A première vue, c’est une sorte de séance de relaxation, dans laquelle Madame Schenk nous allonge, seul, chez soi ou sur son lieu de travail, suffisamment au calme, pour nous raconter une histoire à écouter les yeux fermés : l’histoire d’un lac, d’un petit enfant et d’un caillou précieux. Une histoire courte, un lent poème. Le conte pourrait s’achever aussi simplement qu’on referme la dernière page d’un livre, prolongeant silencieusement à chaud nos dernières impressions, si la conteuse n’avait pas quelques idées derrière la tête. Car elle a prévu de nous faire parler juste au moment de se relever : qu’avons-nous vu quand…qu’avons-nous senti au moment de…qu’avons-nous pensé de… ? A peine le temps de savourer qu’il faut se refaire l’histoire, à travers quelques questions bien préparées. Ce temps d’analyse peut être rapide, riche, abstrait, simple, philosophique, passionné, raisonné, selon les personnes et l’intérêt de la meneuse. C’est un entretien de 10 à 30 minutes aux rythmes de parole variables.
Sur un second plan, on pourrait déceler dans cette démarche un caractère psychothérapeutique. Biétrix Schenk, en psy éclairée, au pied de notre lit de patient, a trouvé une méthode innovante, permettant de parler de nous-mêmes à travers la représentation d’un petit enfant*, qui ressort à tous les coups de notre propre passé. Depuis son rôle d’intervenante, elle a trouvé une technique pour produire interprétations et associations d’idées, en restant à sa bonne distance, c'est-à-dire sans juger. Sans sortir de l’écoute, elle réussit à mettre entre nos mains un lien avec nous-mêmes : le symbole du petit enfant. Le but étant de le garder à portée de la main et de le protéger pour la suite. Tout un programme.
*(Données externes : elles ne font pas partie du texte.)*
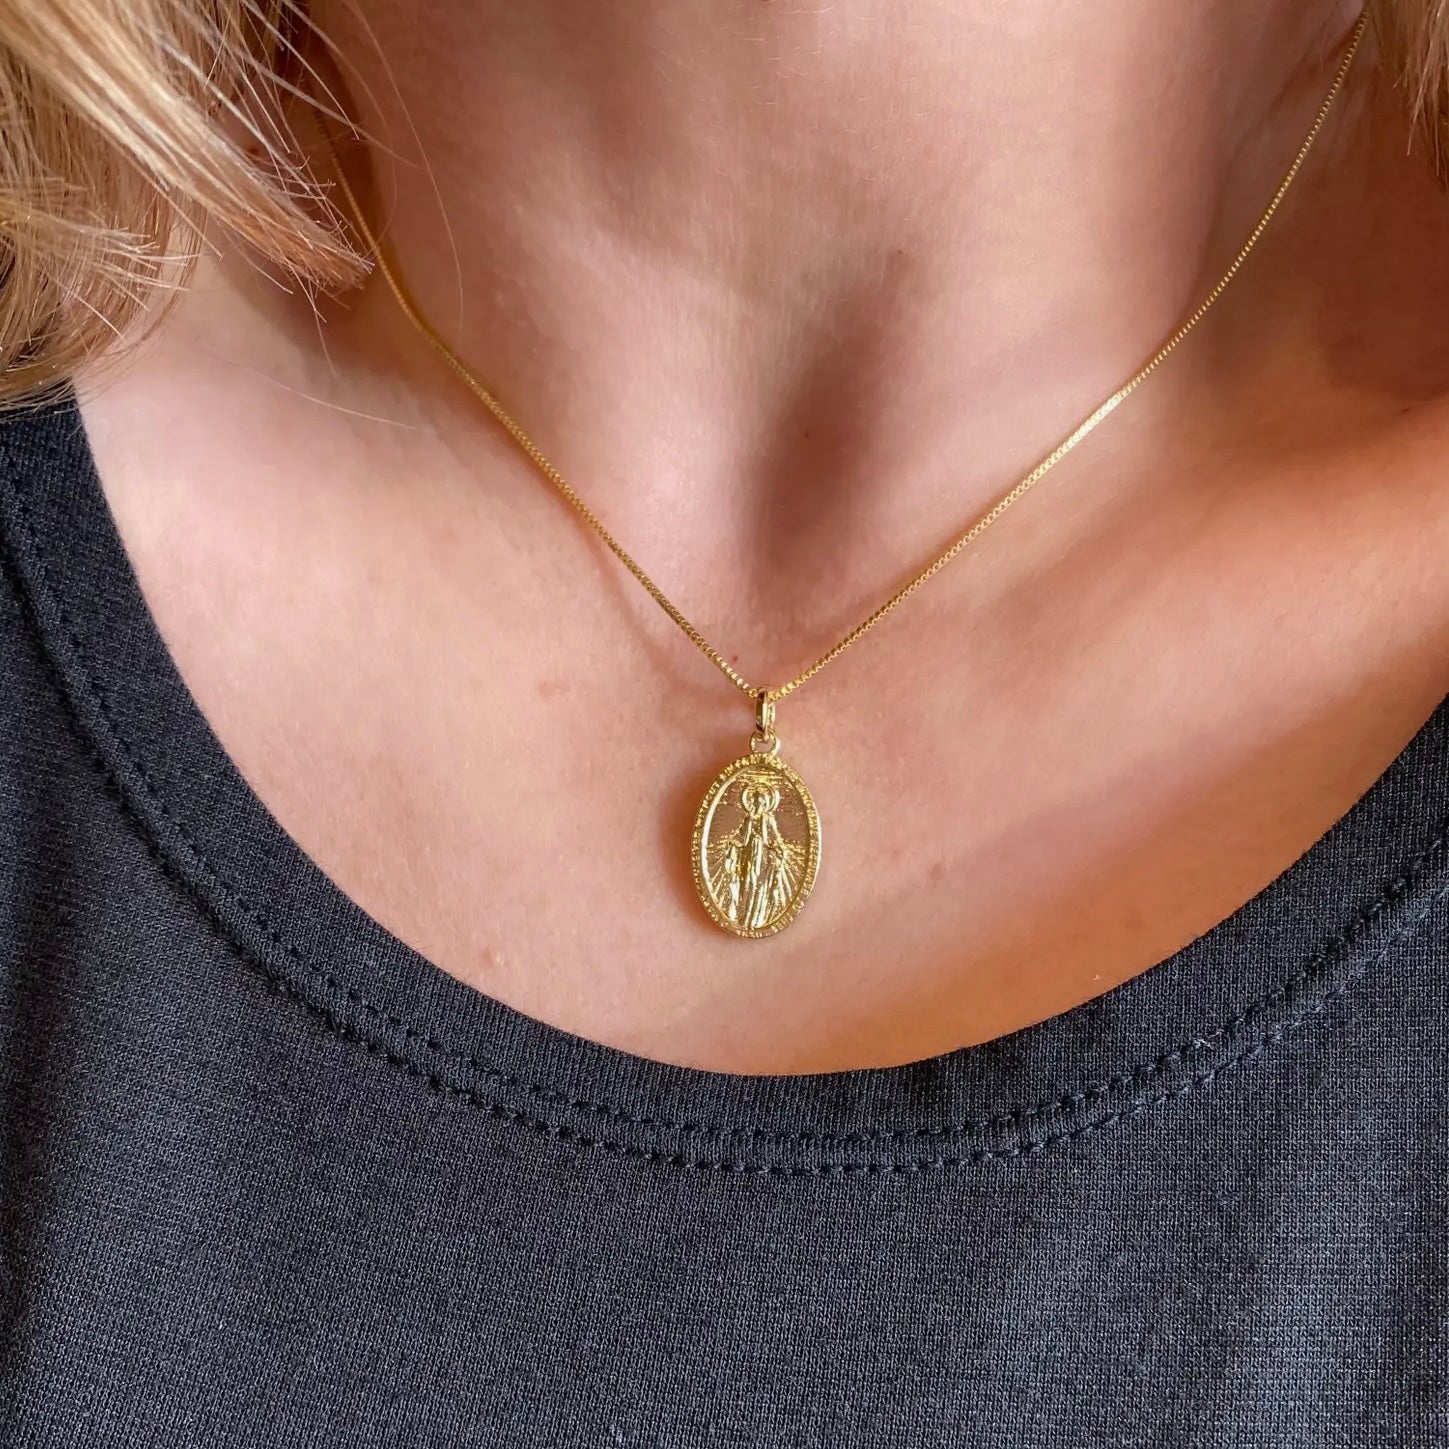 miraculous-medal-necklace-gold-filled-box-chain

Peut-être qu’il aurait fallu percevoir au troisième degré l’intervention de Biétrix Schenk. S’il s’agit véritablement d’un conte poétique, c’est que nous avons face à nous une activité artistique authentique, dirions-nous : la récitation vivante et en directe d’un poème. Pour trouver un public, il suffisait d’aller chez lui, et de lui proposer : « Bonjour ! Vous voulez que je vous raconte un poème ? ». Et comme pour redoubler l’aspect novateur de l’approche, elle n’a rien trouvé de mieux que de filmer le spectacle, afin de sortir habilement de la sphère privée. En effet, Biétrix Schenk est toujours accompagnée de son caméscope et de son micro, afin de mettre sur bande ses plans bien choisis. Ceux-ci seront ensuite retravaillés à la maison, par son outil de création, un logiciel de traitement vidéo. Et lorsqu’elle aura opéré ses arrangements et compléments issus de l’art acousmatique, dont elle est l’une des rares à connaître le secret, elle pourra signer, en tant qu’artiste, sa « production acousma-vidéo ». Production qui finira dans un monde de l’art spécifique.
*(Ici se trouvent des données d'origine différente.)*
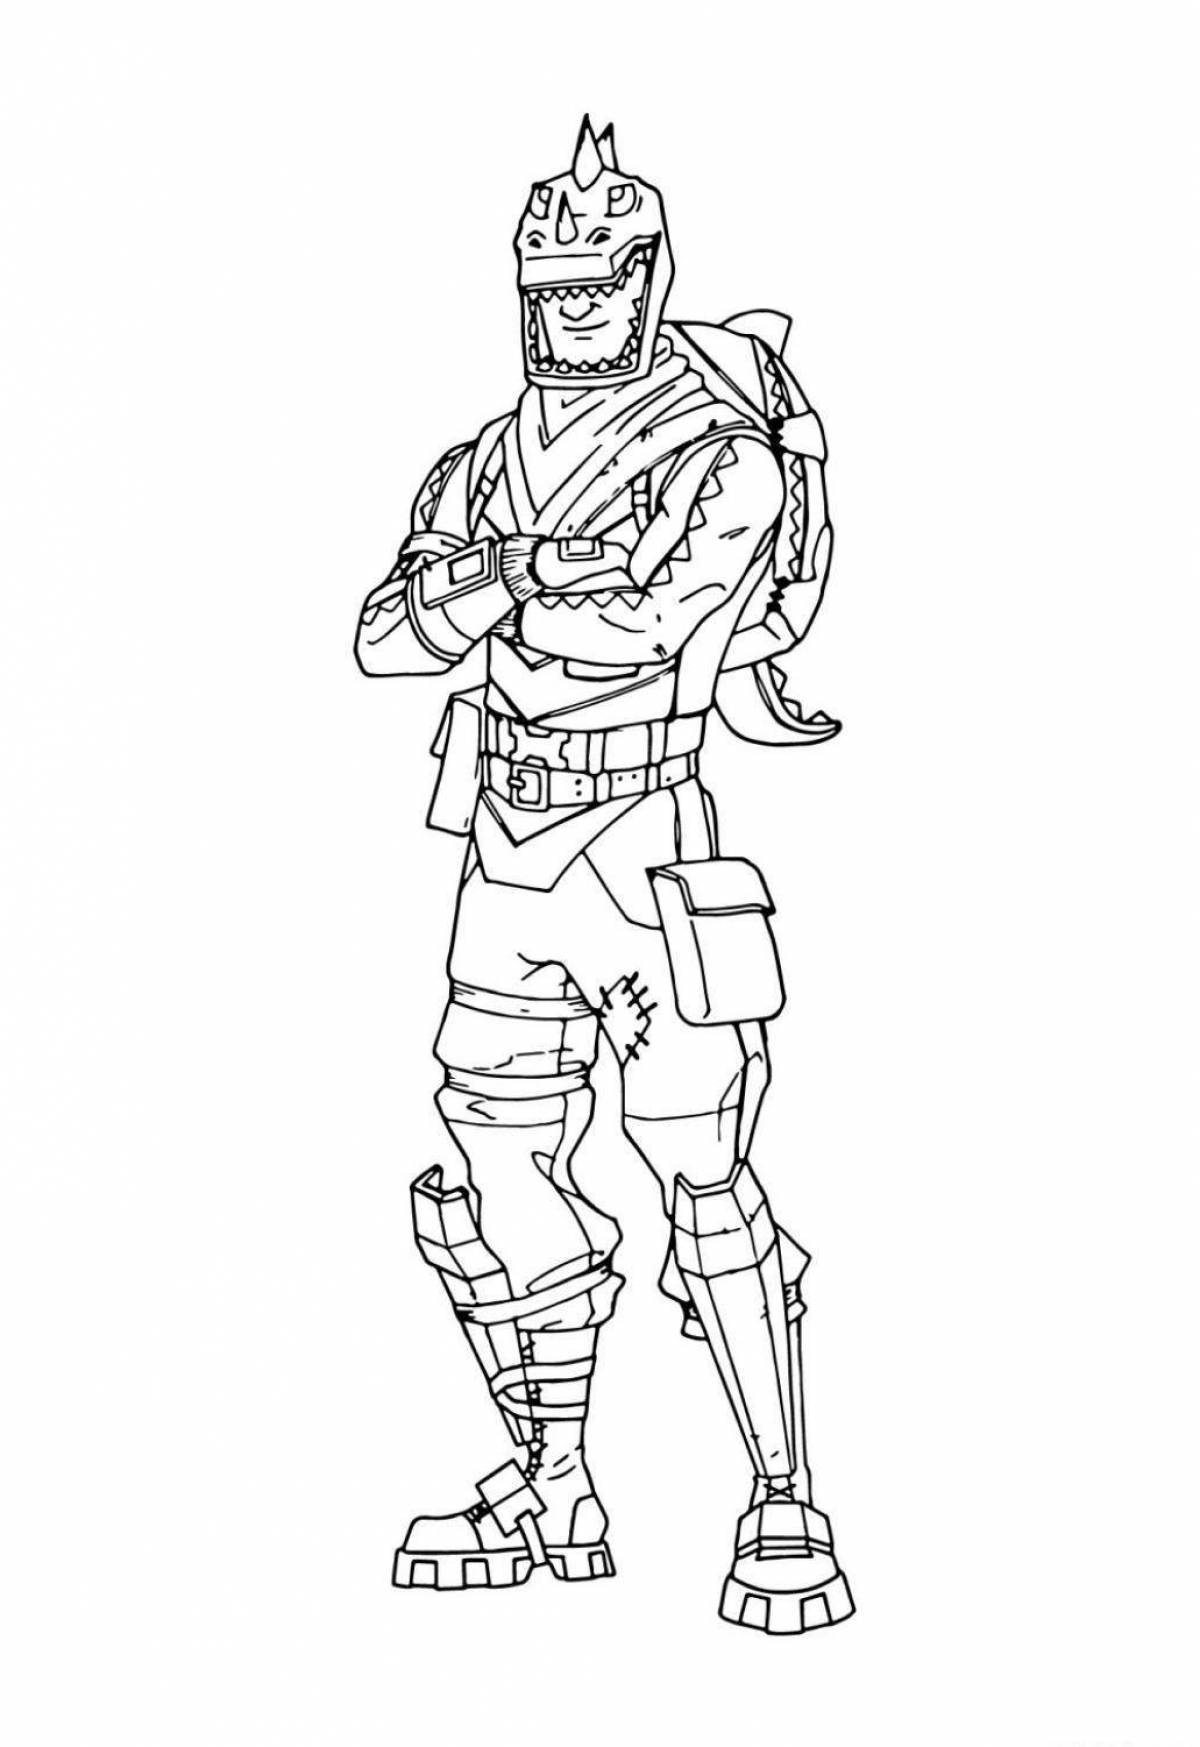 Colorful fortnite coloring page

Au final, nous sommes au beau milieu d’un projet artistique, psychothérapeutique et sophrologique. Cependant, il y a du vrai et du faux à chacun des trois niveaux. Quand il est difficile de décrire ce que fait quelqu’un, on peut décrire ce qu’il ne fait pas : Non, Biétrix Schenk ne cherche pas à soigner des gens. Elle n’a pas non plus pour objectif de produire un « bien-être », en tout cas pas celui vendu par les produits diététiques. Pas plus qu’elle n’est dans une recherche de performance artistique ou dans un espoir désespéré de toucher un nouveau public. Oui, elle croit en la valeur de son art, et envisage une véritable création vidéo. Effectivement, elle souhaite que l’expérience qu’elle propose produise un effet protecteur et durable à disposition de chaque participant. D’accord pour dire qu’elle espère laisser une trace qui offre une opportunité constructive.

On louperait néanmoins le plus original et le plus déroutant si on ne retenait que cela du projet « Tout contre la Peau du Monde ». Biétrix Schenk, en coulisse, s’improvise un autre rôle, celui d’enquêtrice. Fidèle à la définition qu’en donne le philosophe John Dewey au début du XXème siècle, cette démarche d’enquête prend impulsion par un questionnement, une situation mentale et pratique qui pose problème tout simplement. Voici ce questionnement, officiel et formulé : « Comment reçoit-on cette expérience […] lorsque l’on est artisan, comédien, restaurateur, ouvrier, danseur, PDG, chômeur, handicapé, retraité, musicien, plasticien, enfant…en 2009 ? ». L’interrogation ressemble à s’y méprendre à celle d’un sociologue traditionnel.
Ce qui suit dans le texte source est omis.